Required work => Please set down, with no changes, every line of the material below from the one containing "SVG of cinco" through the end. Skip the pictures.

Supplied information =>
———

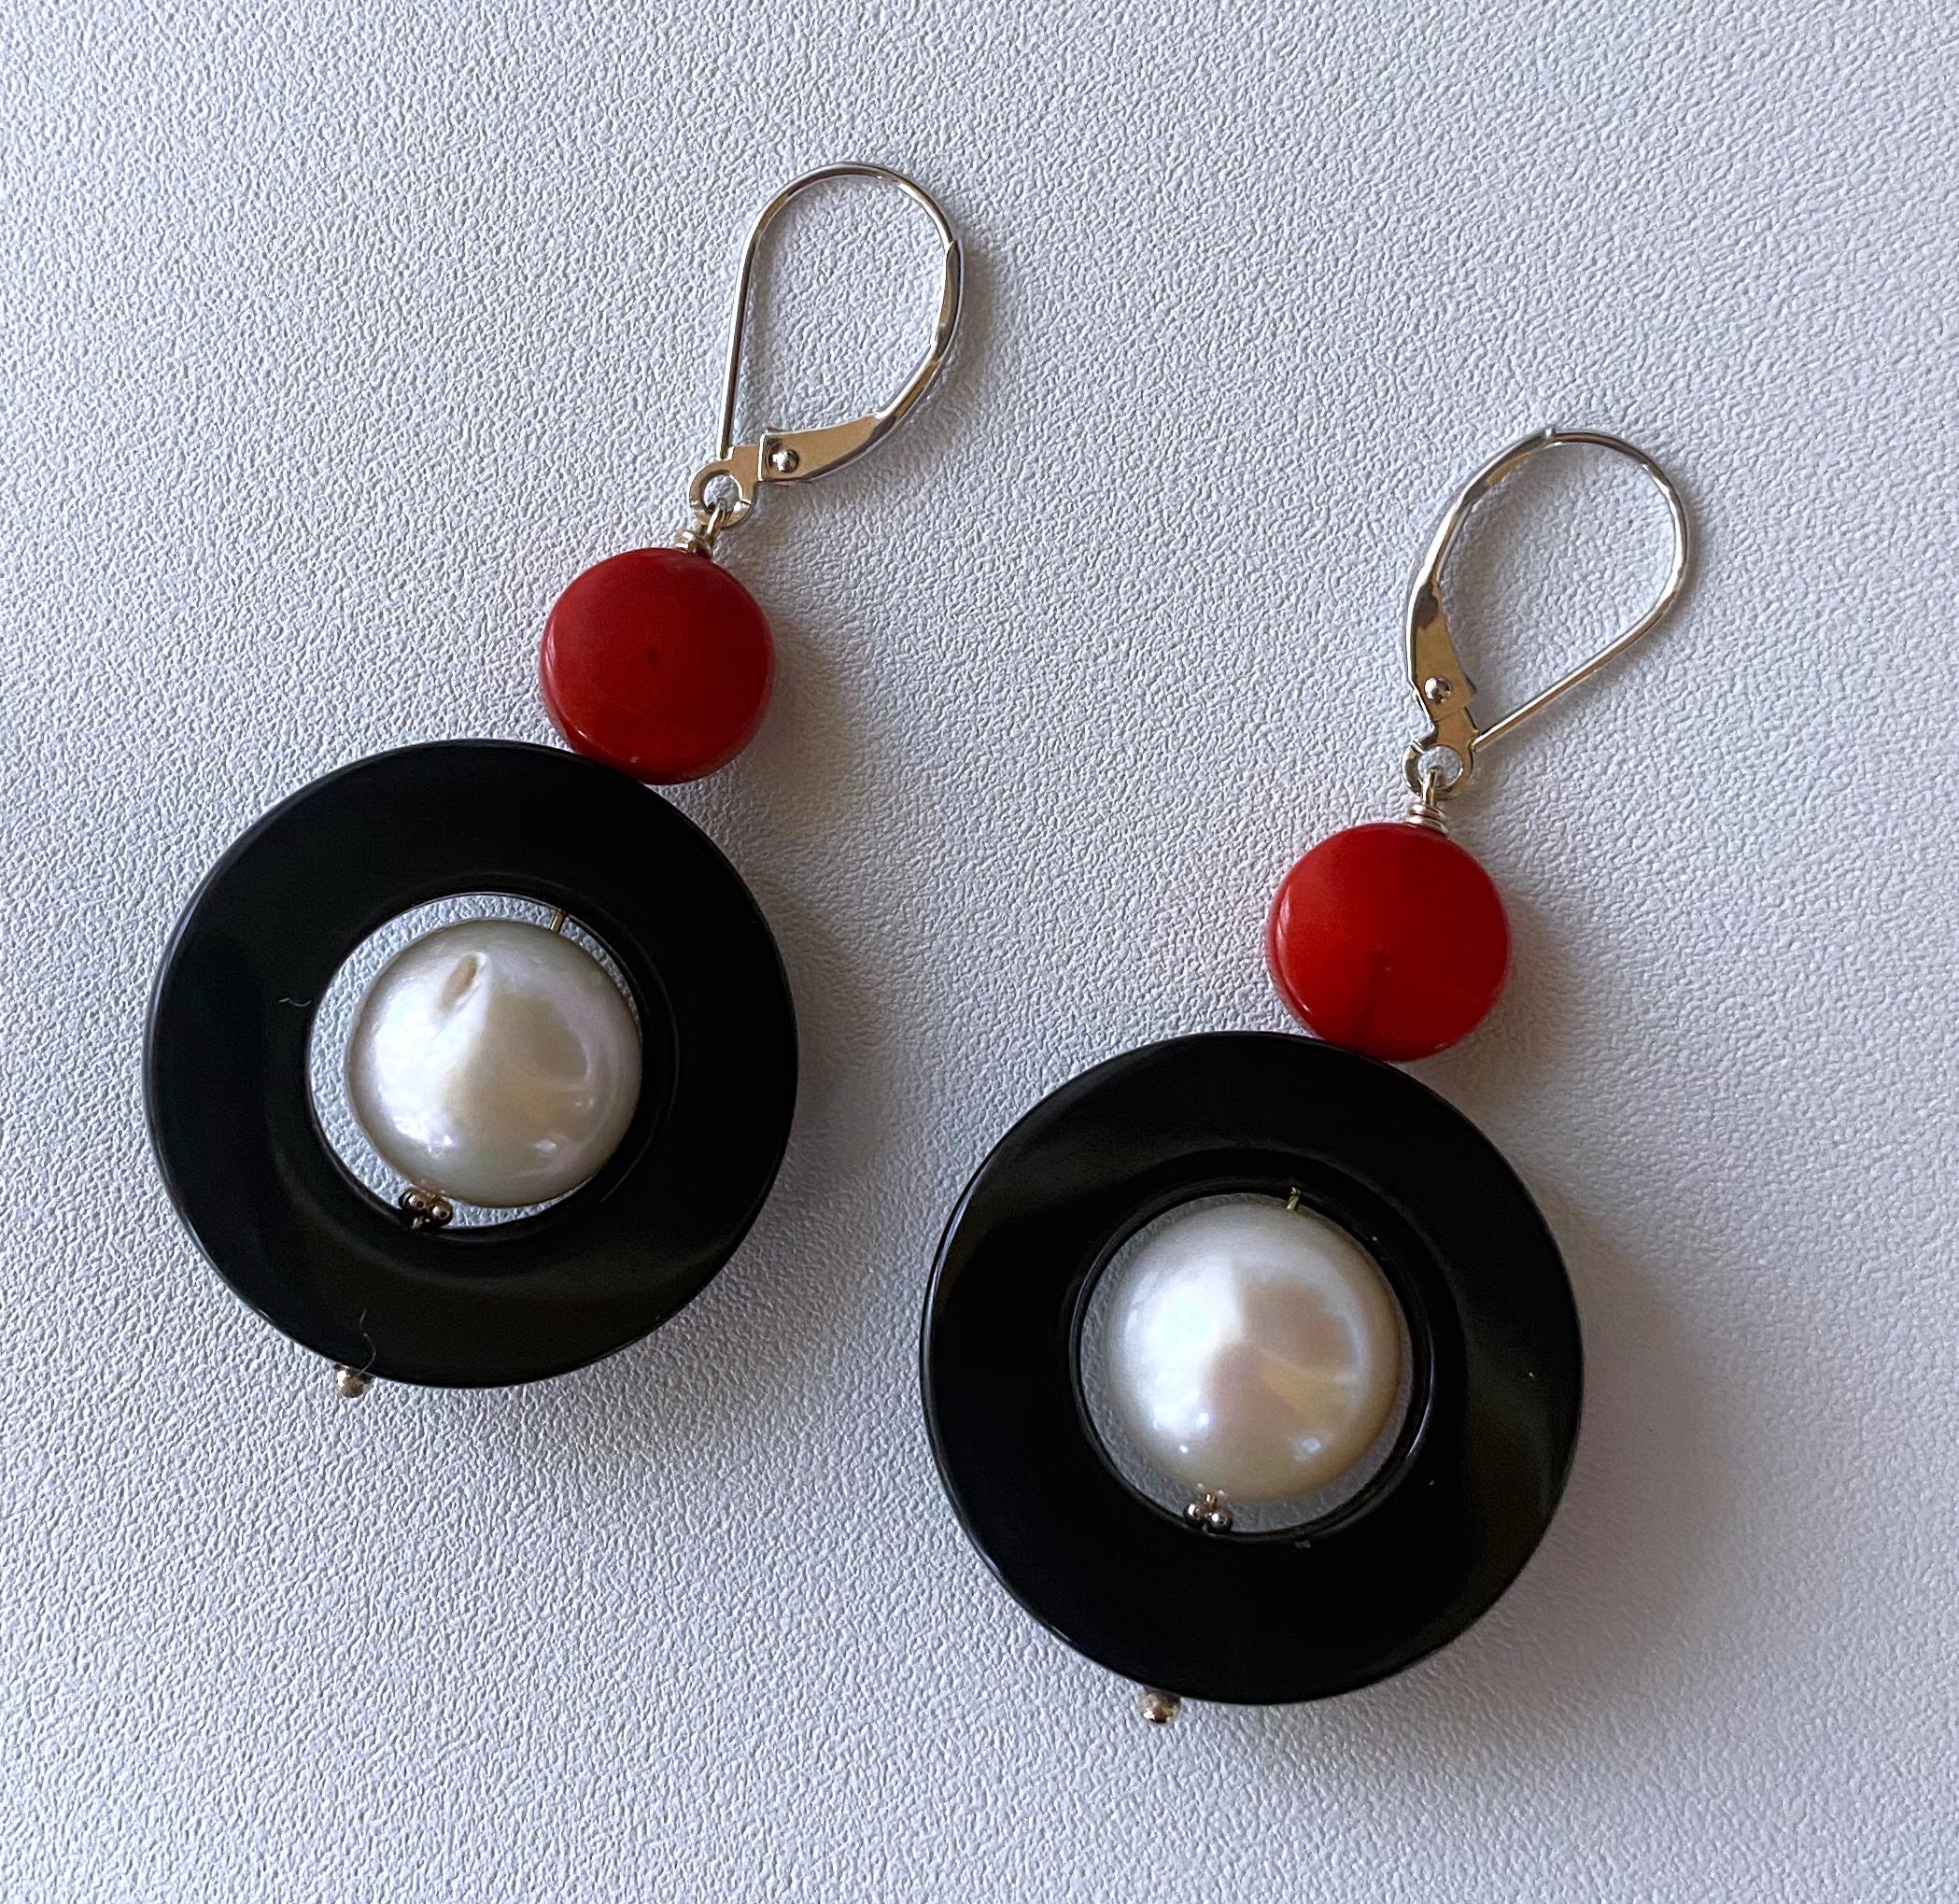 Beautiful pair of Cocktail Earrings by Marina J. These earrings feature a high shine and luster white Pearl with a magnificent iridescence, hanging within a flat Black Onyx Donut Bead. The stark contrast of Black and White is further complimented
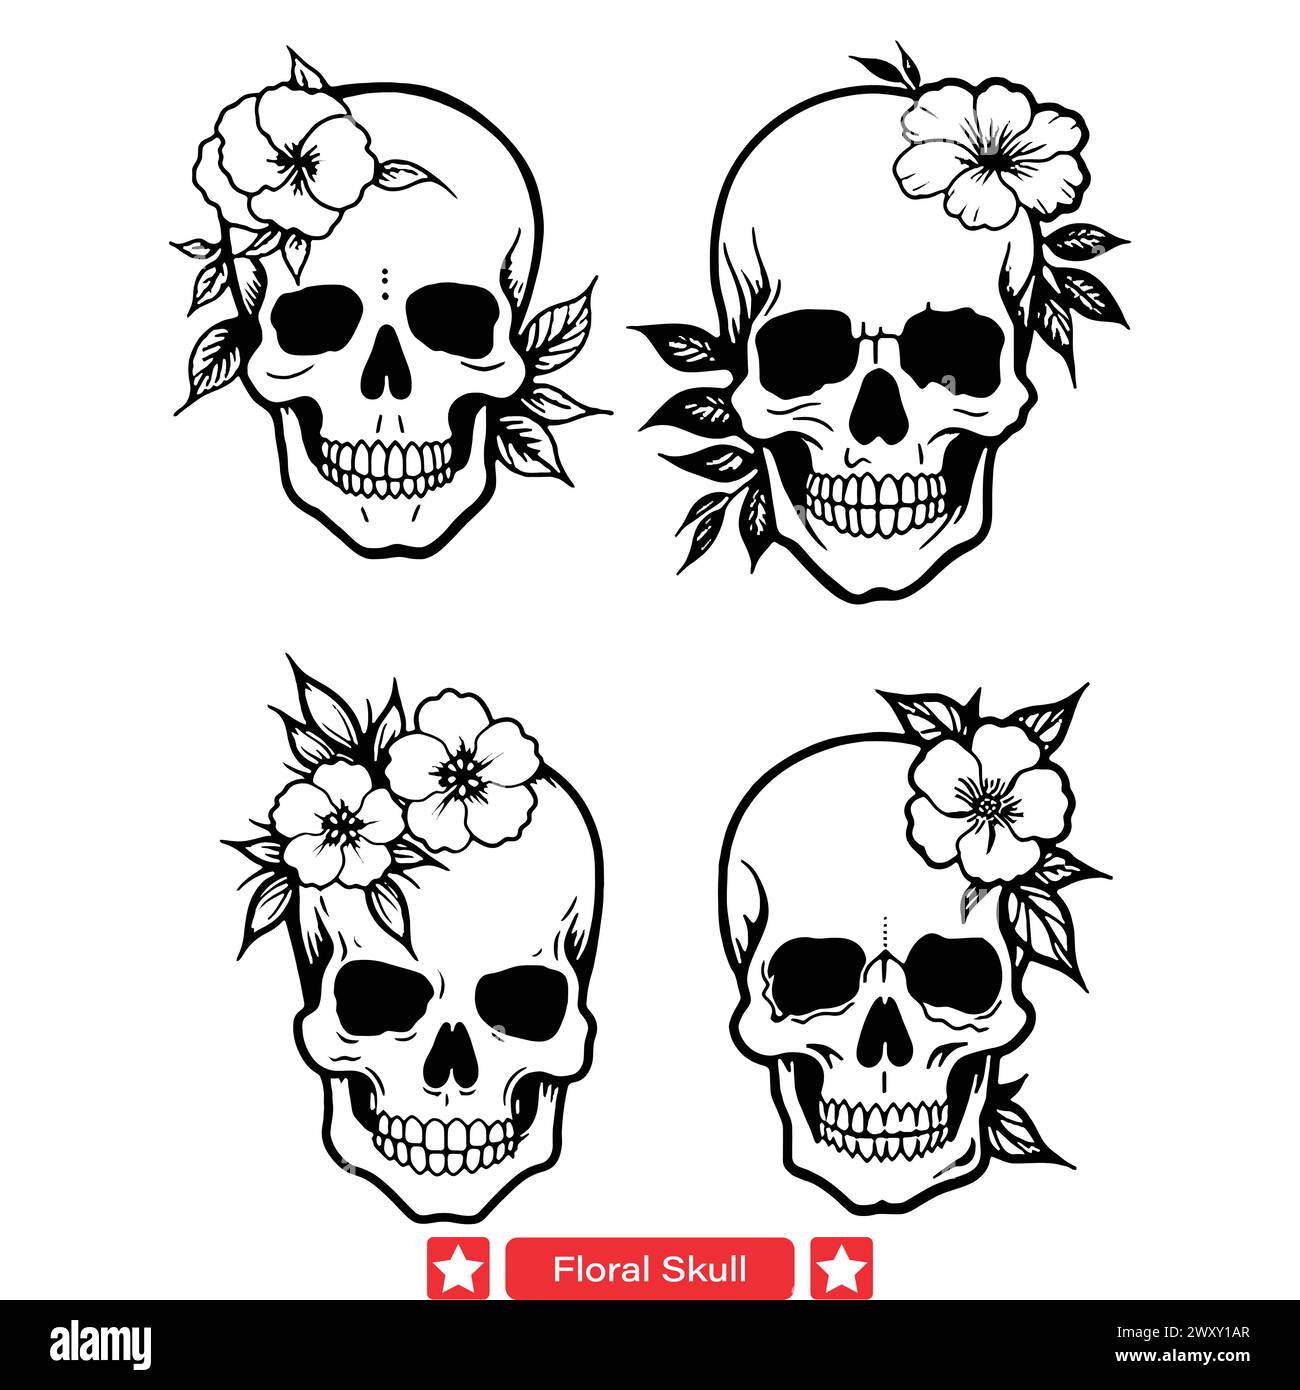 Floral Fusion  Enchanting Skull Silhouette Vectors Adorned with Flowers Stock Vector
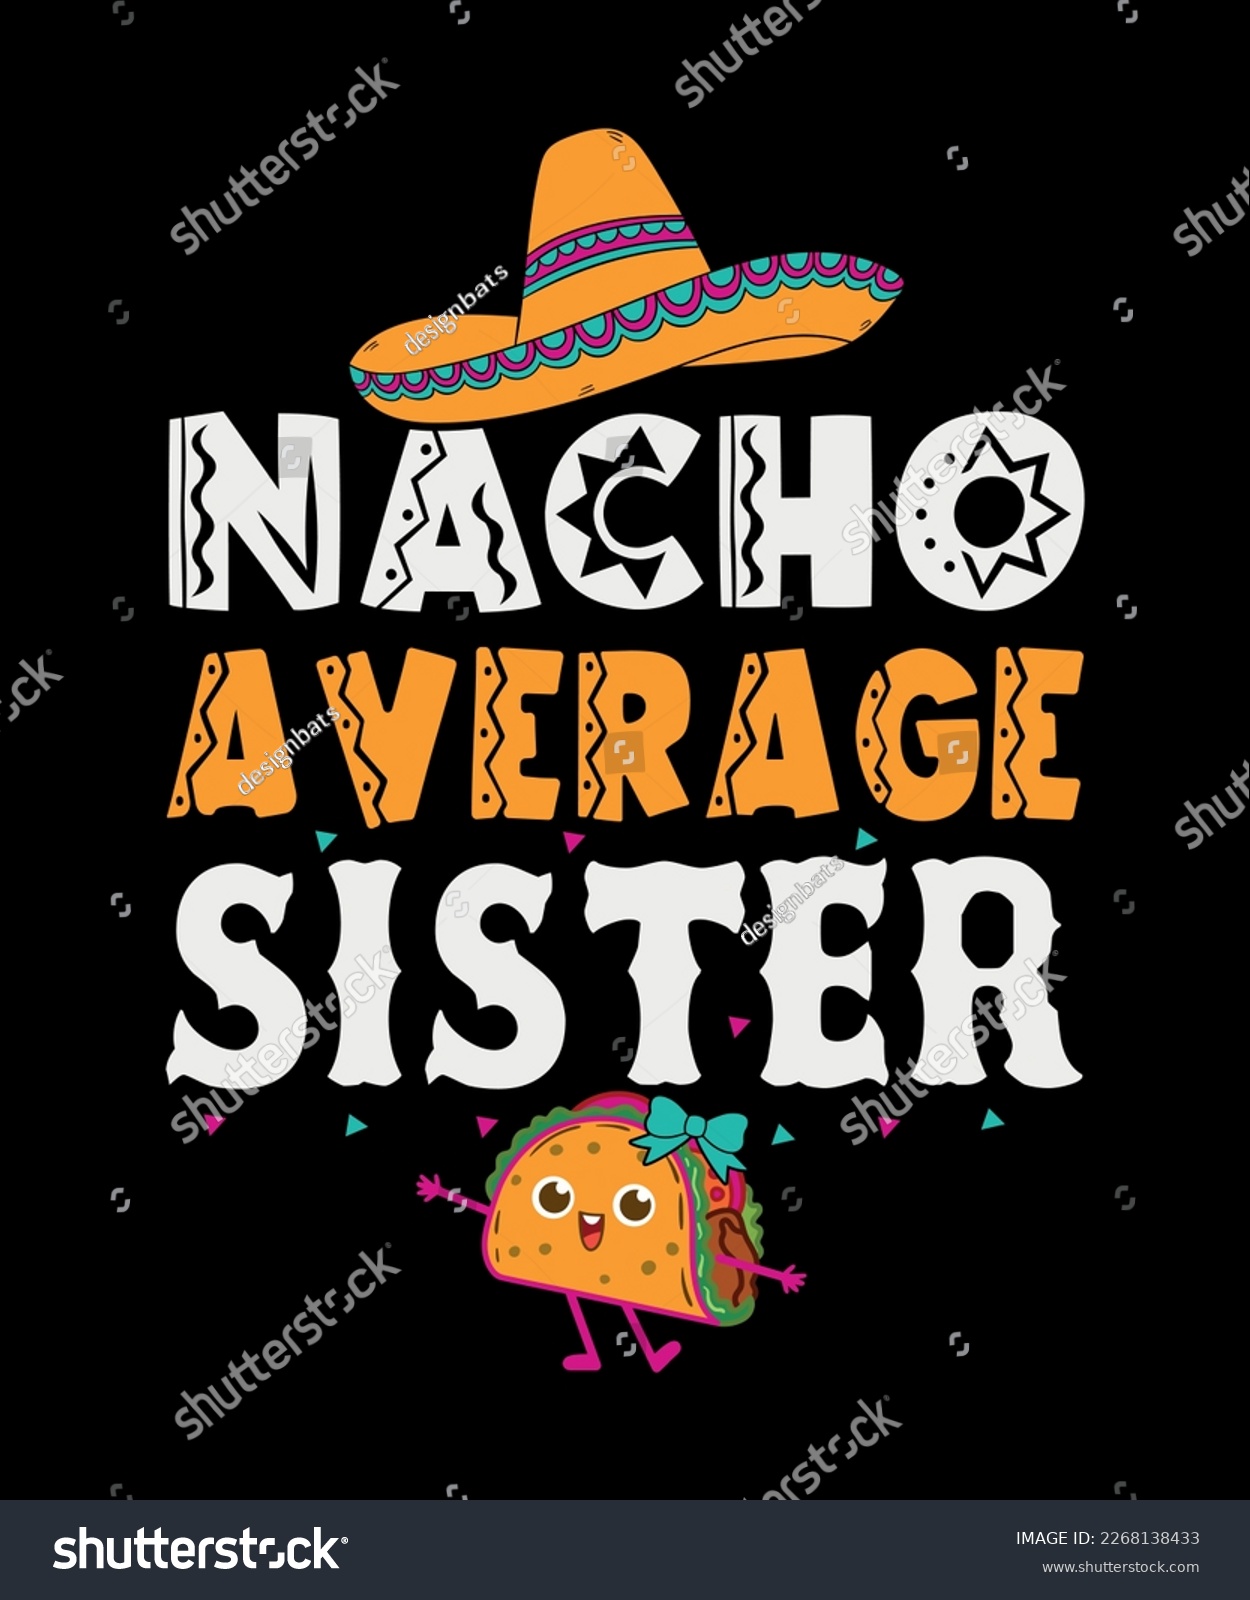 SVG of cinco de mayo t shirt design, mexican Vector design for poster, badge, emblem, art, element, isolated, Typography Funny fiesta concept for shirt, lavel, icon, card 4 svg
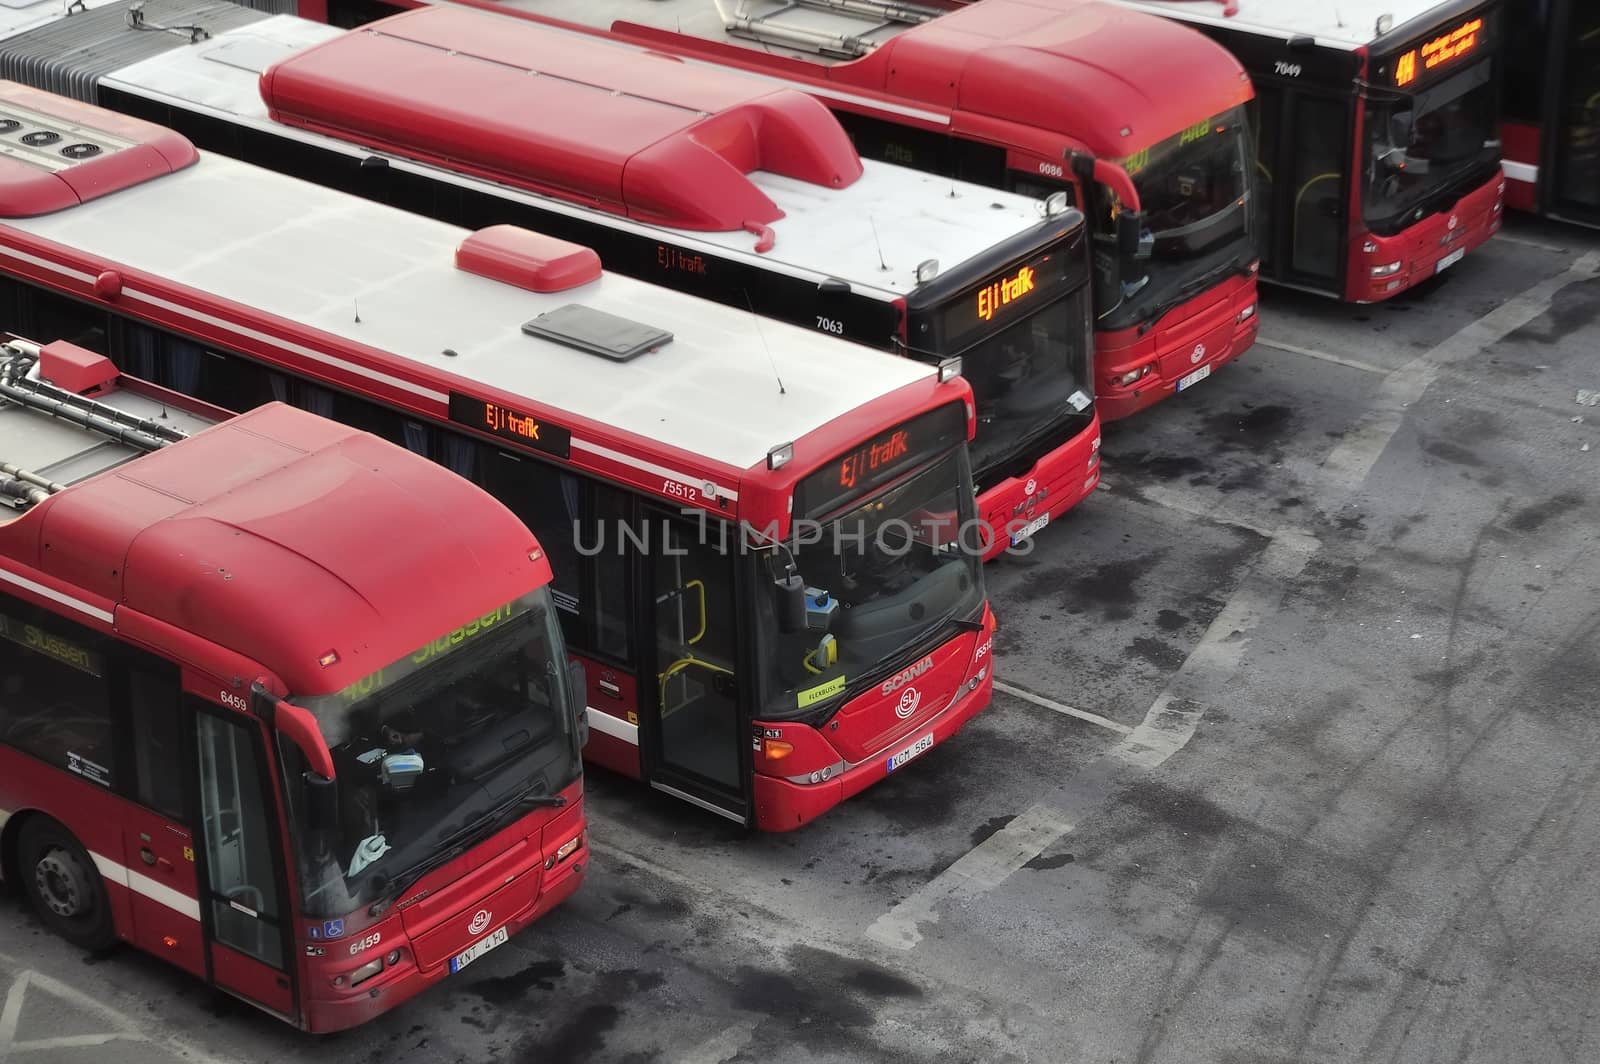 Parked buses by a40757

———

Response to the task =>
 SVG of cinco de mayo t shirt design, mexican Vector design for poster, badge, emblem, art, element, isolated, Typography Funny fiesta concept for shirt, lavel, icon, card 4 svg
 Parked buses by a40757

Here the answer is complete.